Fast forward to today, and the brother-and-sister duo and their team, including their parents and children, produce an amazing array of chocolate truffles, syrups, sauces and a variety of brittles (which they sell to Williams-Sonoma). Many of these come in wine flavors, naturally.
They also make their own ice cream, using recipes they inherited from the owners of the candy shop.
And, yes, Anette got her coffee shop, too. Some locals come in just for their morning coffee and a pastry, enjoying the cozy atmosphere inside the shop, or the outdoor seating.
LA FORÊT – NAPA
While teaching English in France, La Forêt owner Wendy Sherwood says she became interested in good food, desserts and chocolate. “Well,” she thought, “I’m here. I might as well study at the Cordon Bleu.” She did just that, enrolling in an accelerated five-month program and doing her stage apprenticeship with the great chocolatier Patrick Roger, which “changed the course of my career. I picked up his passion, love, technical and artistic emphases.”
Six years ago she took over a former candy shop in Napa’s Brown’s Valley, remodeled and opened her tiny factory and “atelier,” as she calls it. Having worked as a pastry chef de partie at the French Laundry in Yountville, she was able to hit the ground running with great contacts.
Sherwood creates 10 special flavors every season, usually with a theme that might include smoked olive oil with Spanish paprika; candied Valencia orange peel sourced from her backyard tree cultivated with husband, Mark, who works at The Vineyardist winery; quince vinegar; and churro, or what she calls a “road trip” through favorite tastes of a region of the country.
La Forêt also crafts chocolate bars in flavors including Florentine Almond, Raspberry Truffle, 64% Valrhona Truffle, Salted Butter Caramel, Ginger and Cocoa Nib.
La Forêt’s offerings are sold mainly through “allocations,” or subscriptions, that clients sign up for in advance—or gift their fortunate friends. You may also visit their retail shop and open kitchen to see Sherwood in action.
WOODHOUSE CHOCOLATES – ST. HELENA
John and Tracy Wood Anderson say that their love affair with fine European-style chocolates began during a college semester they spent together in Europe, sparking a desire to learn the craft and bring it home to John’s native Napa Valley.
It wasn’t until after John’s family sold their S. Anderson winery in St.
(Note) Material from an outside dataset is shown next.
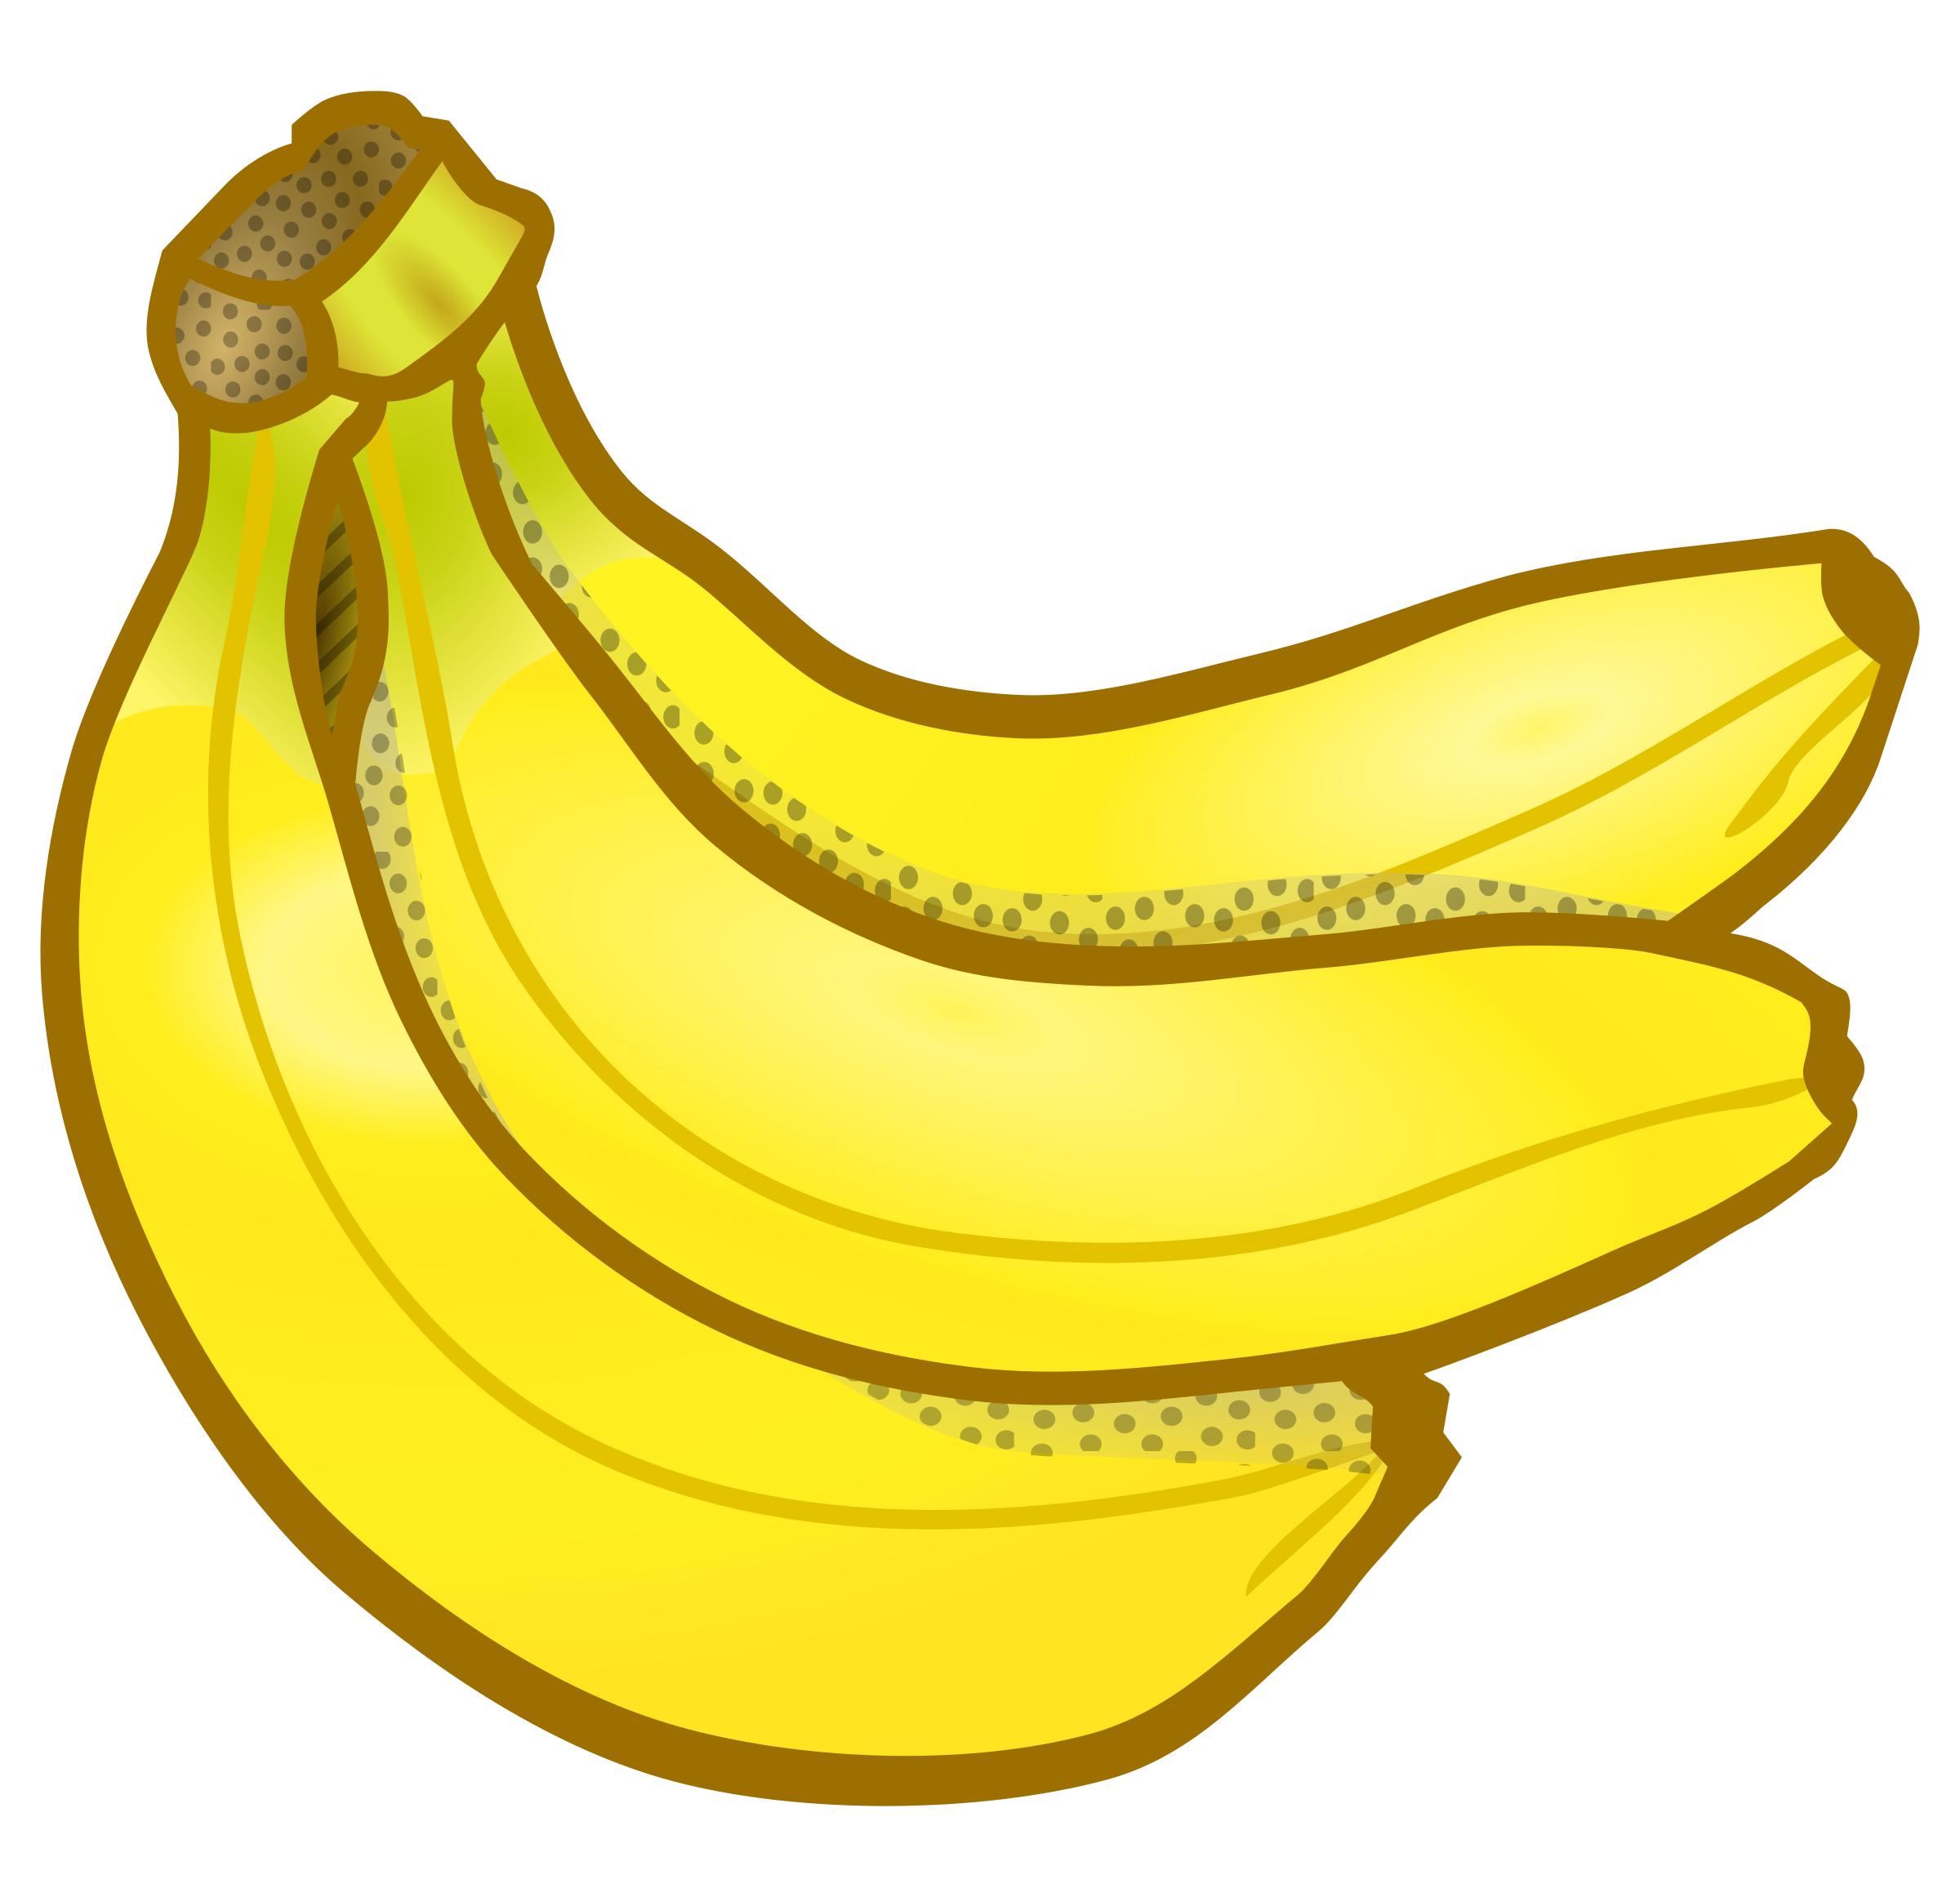 Free icons png images. Bananas clipart 3 banana

Helena, where both John and Tracy had returned to work in various capacities after their studies, however, that the two put their dream into action. The couple also credit the movie Chocolat, starring Juliette Binoche and Johnny Depp, which premiered about the same time, with having “rekindled” their college dream.
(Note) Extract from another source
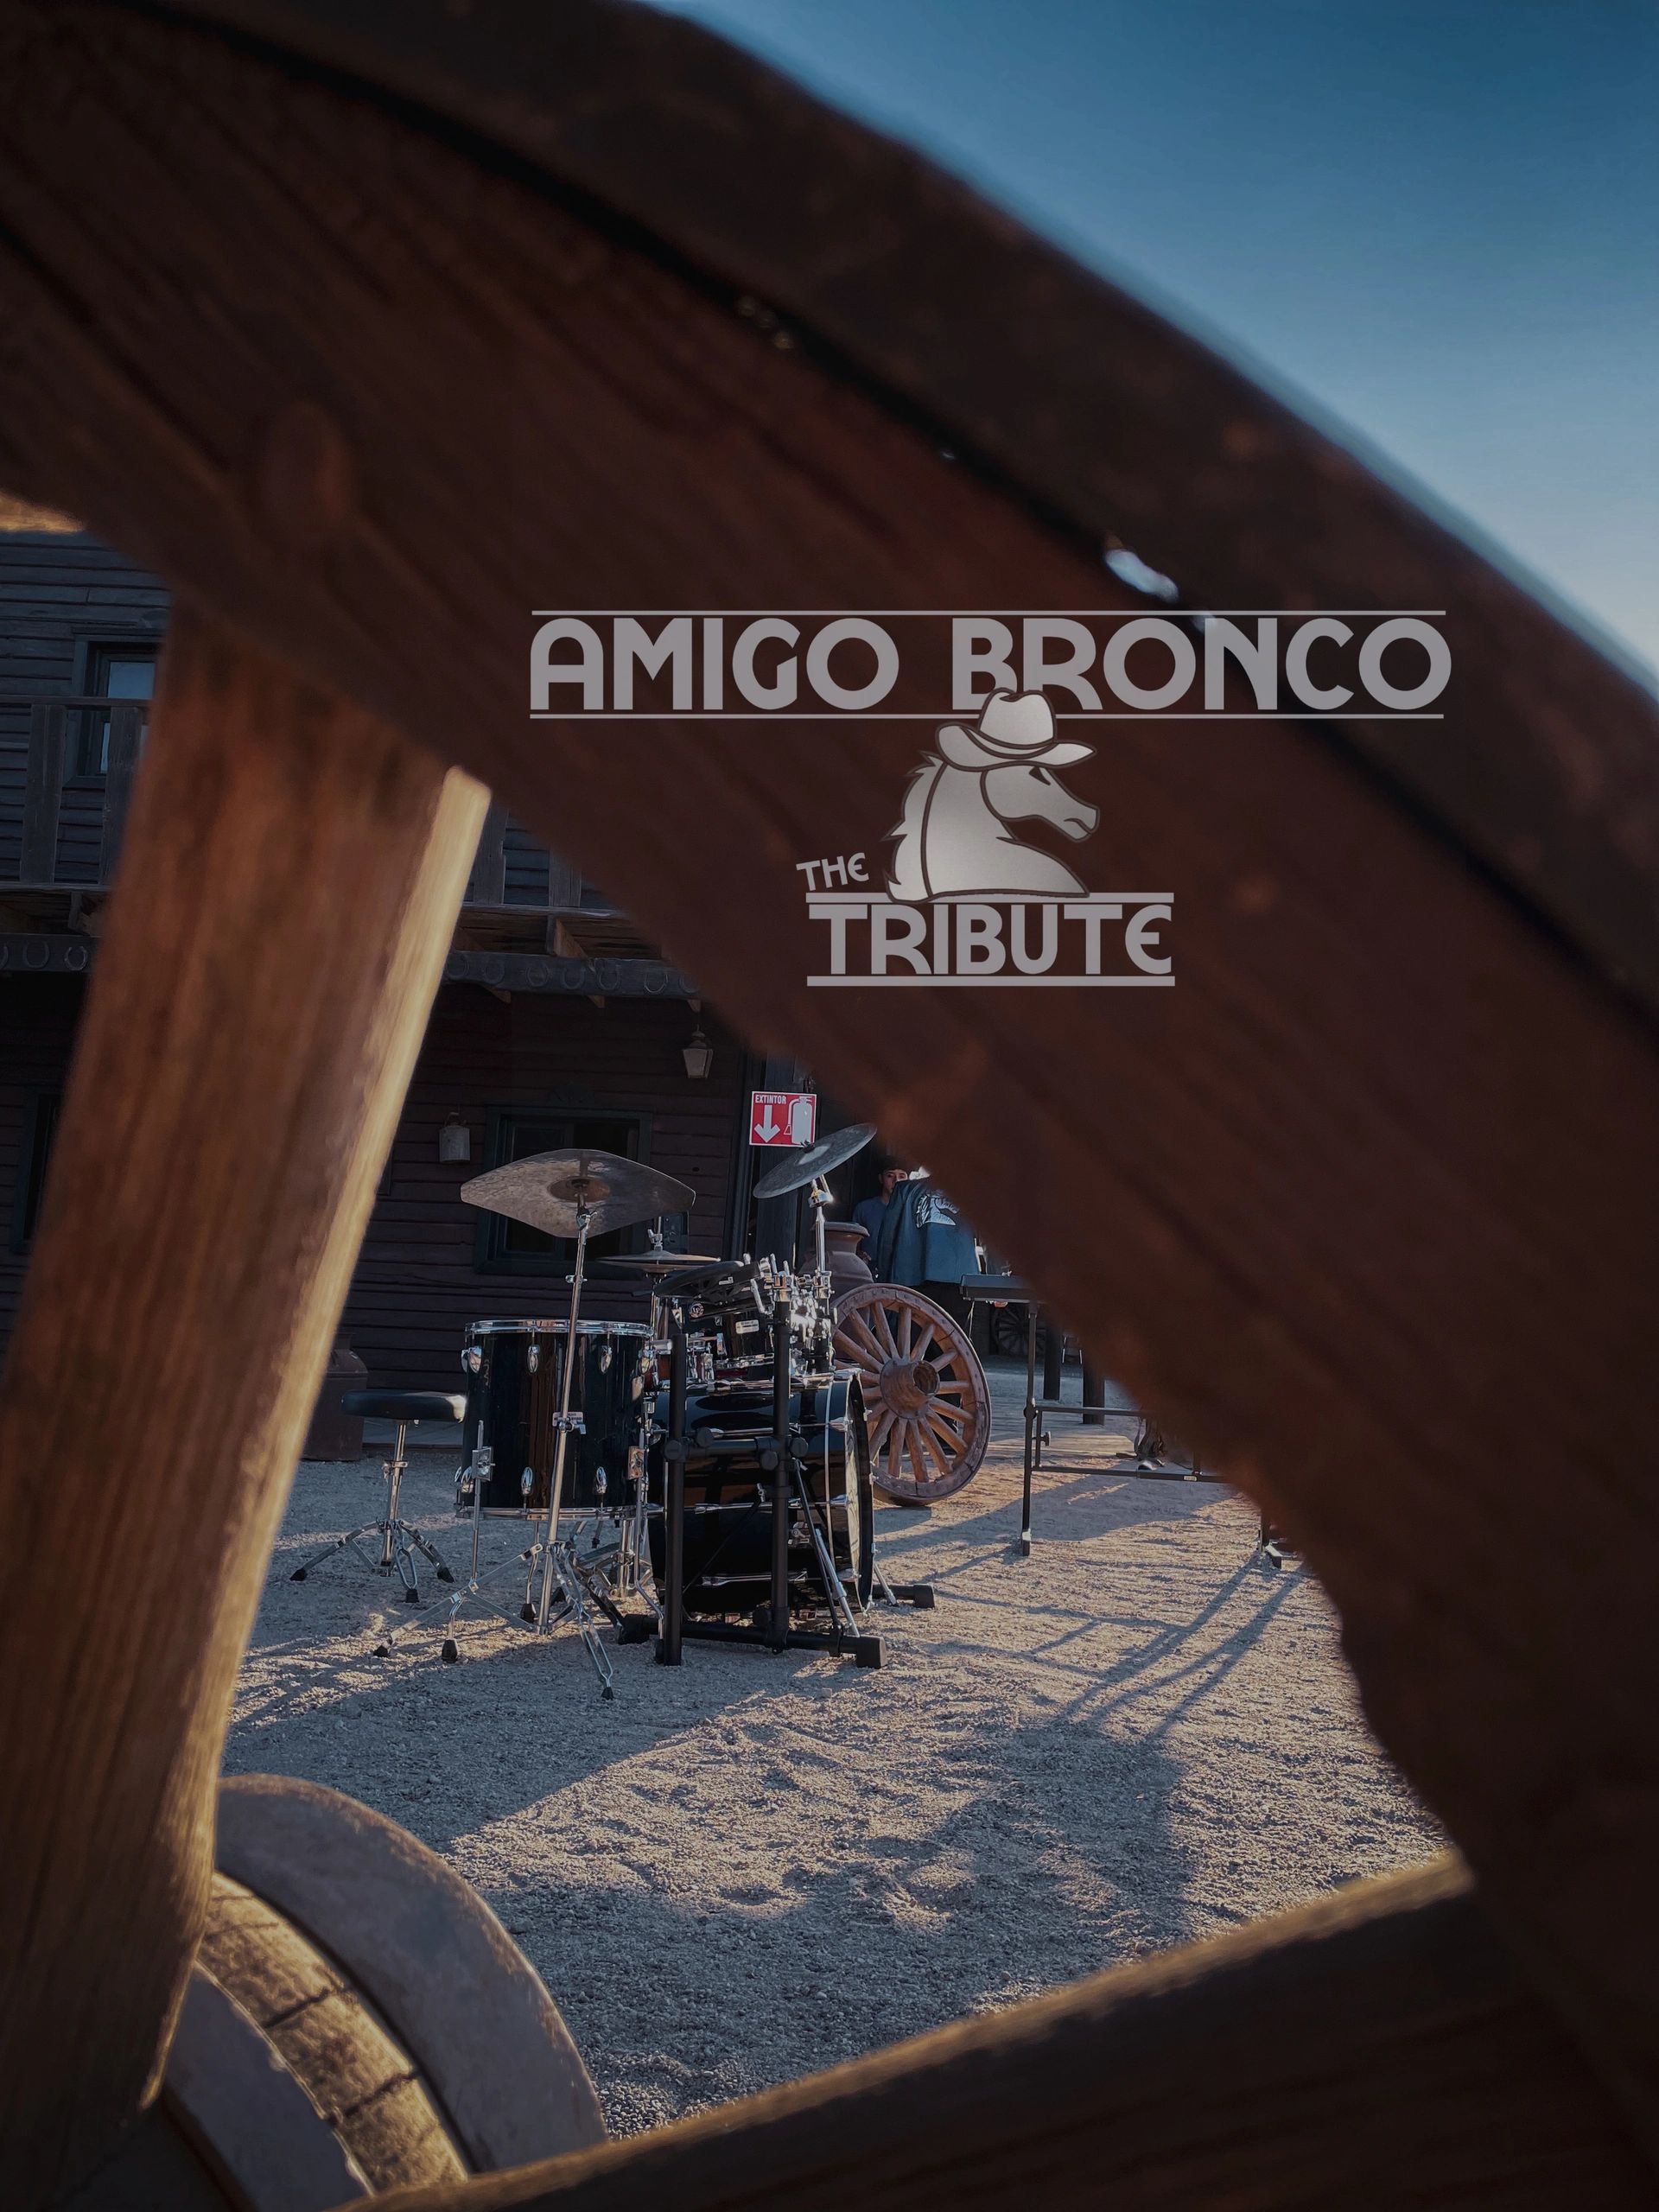 About | Amigo Bronco The Tribute/El tributo

Deciding to split the duties of their new venture, Tracy, who had attended the California Culinary Academy after college, embarked on a chocolate-making education throughout Europe and the Americas over the next two years and has served as Woodhouse’s lead chocolatier since the start. John also returned to school, earning his MBA. Today, the couple’s daughters, Christina and Caroline; Christina’s husband, Vince; and Tracy’s mother, Christine, also help run the business.
The couple opened their elegant European-style retail shop on St. Helena’s main drag a week before Easter in 2004, offering a few chocolate bunnies. The shop now sells at least 1,200 bunnies during the season, with prices ranging from $2 to $75.
Woodhouse uses Callebaut and Guittard chocolate to craft their beautiful chocolate creations, garnering rave reviews from locals and visitors to Wine Country alike. Woodhouse fulfills special orders from media maven Oprah Winfrey, as well as other celebrities.
These artisan chocolatiers and their world-class wares are putting Wine Country on the international map for more than just great wines.